I always ask aspiring business people: How do you beat Bobby Fischer, the renowned chess champion of the 1970’s?
The Answer: Play him at anything but chess.

This excerpt is from the second chapter of Seymour Schulich’s book, Get Smarter: Life and Business LessonsSchulich is a self-made billionaire and one of Canada’s greatest philanthropists, having donated more than $350M to education and healthcare causes. His best-selling book was designed to give entrepreneurial advice to those earlier in their careers. While the book is 304 pages, it’s a quick read – most chapters are only a few pages long.

In the first chapter, Decision-Maker: A Tool for a Lifetime, Schulich suggests a simple, but practical, extension to the traditional two-column pro/con decision list.

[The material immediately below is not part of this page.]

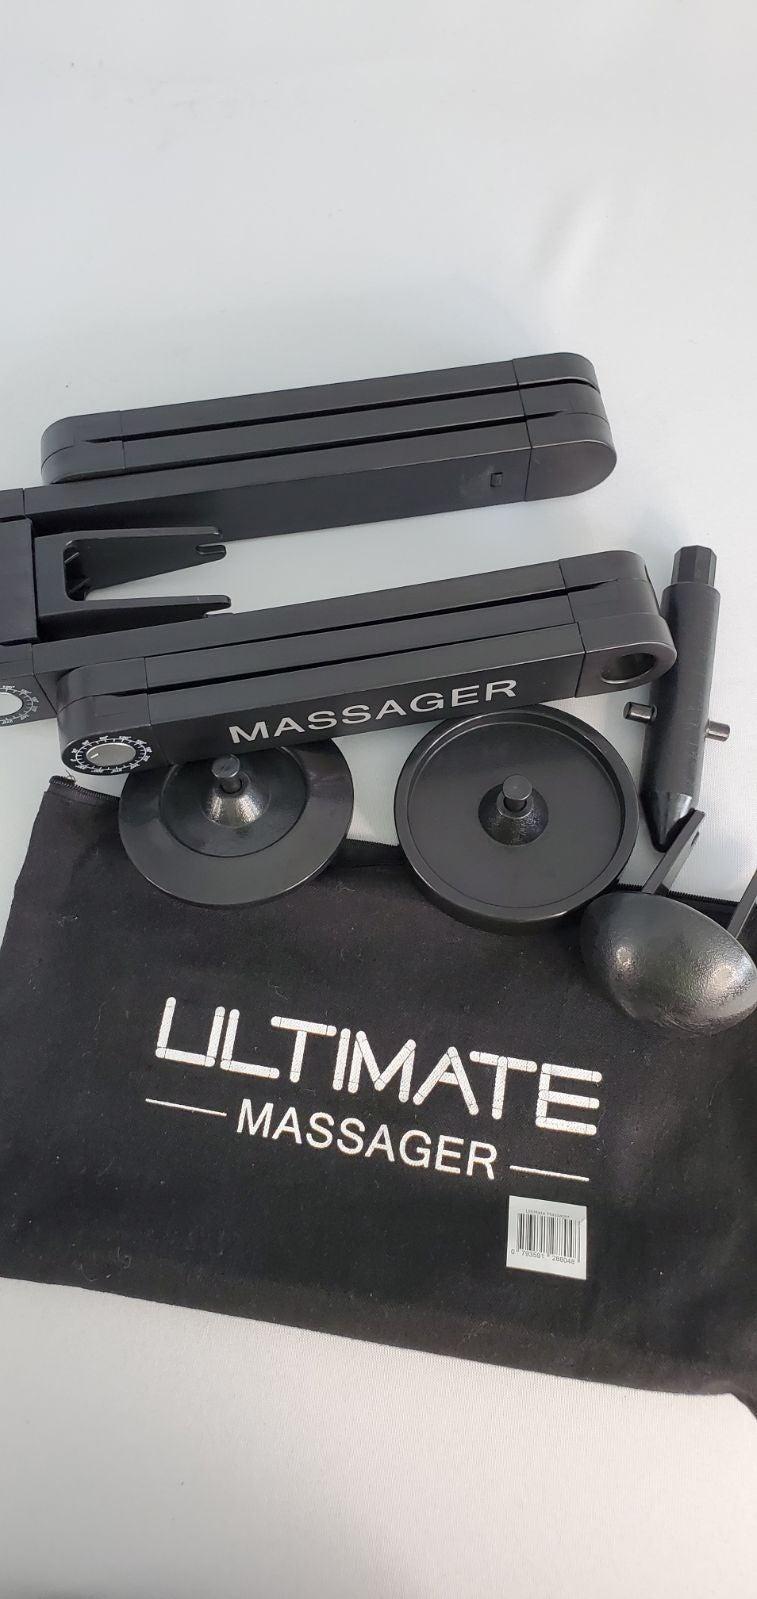 Ultimate Massager
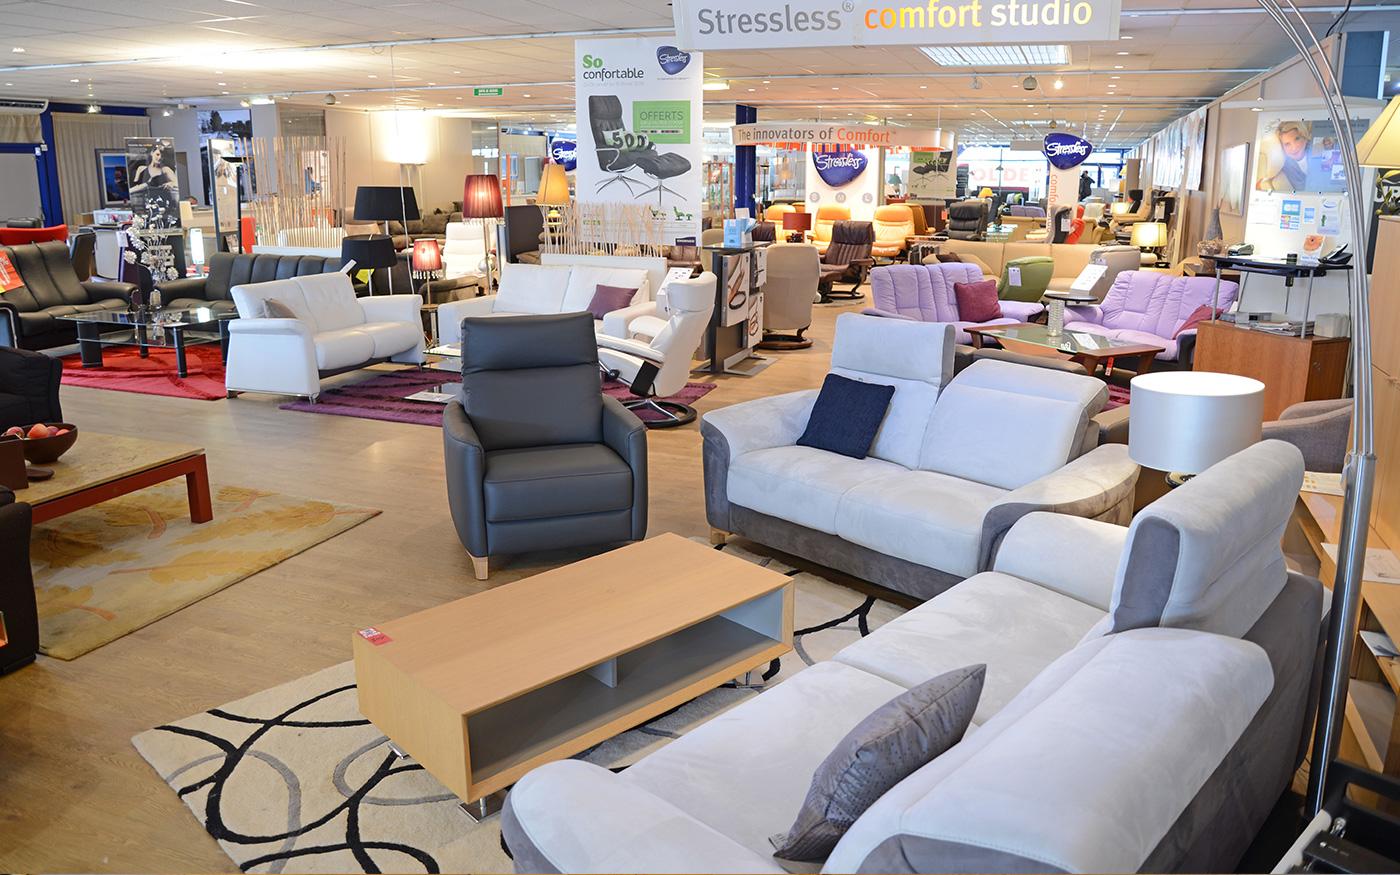 magasin de canap s et fauteuils stressless strasbourg et vendenheim. Black Bedroom Furniture Sets. Home Design Ideas

On one sheet of paper, list all the positive things you can about the issue in question, then give each one a score from zero to ten — the higher the score, the more important it is to you.

On another sheet, list the negative points, and score them from zero to ten — only this time, ten means it’s a major drawback.

If the positive score is at least double the negative score, you should do it — whatever “it” is. But if the positives don’t outweigh the negatives by that two-to-one ratio, don’t do it, or at least think twice about it.

Adding the weighting to the traditional pro/con list ensures a small number of factors don’t overly influence the decision; unless those factors are very important to you. If you assign the scores in a relatively consistent way, the Decision-Maker can take the emotion out of an important decision.

Schulich is a big proponent of the Decision-Maker. He claims it can work for groups as well, describing how it helped in the decision to sell Franco-Nevada to Newmont Mining. In fact, Schulich goes on to say:

I have used it for virtually every major decision of my adult life. It has never let me down and it will serve you well, too.

With that endorsement, I think I’ll start using it. Maybe you should too.


One Response to How to Make Better Decisions

  1. timoelliott June 22, 2015 at 1:22 am #

    Real life decision-making is an area where simple is not necessarily better.

    In particular, a simple “pro/con” ignores any type of creativity in the solution, and so runs the very real risk of missing better options. Various thinkers and academics have proposed solutions to the problem.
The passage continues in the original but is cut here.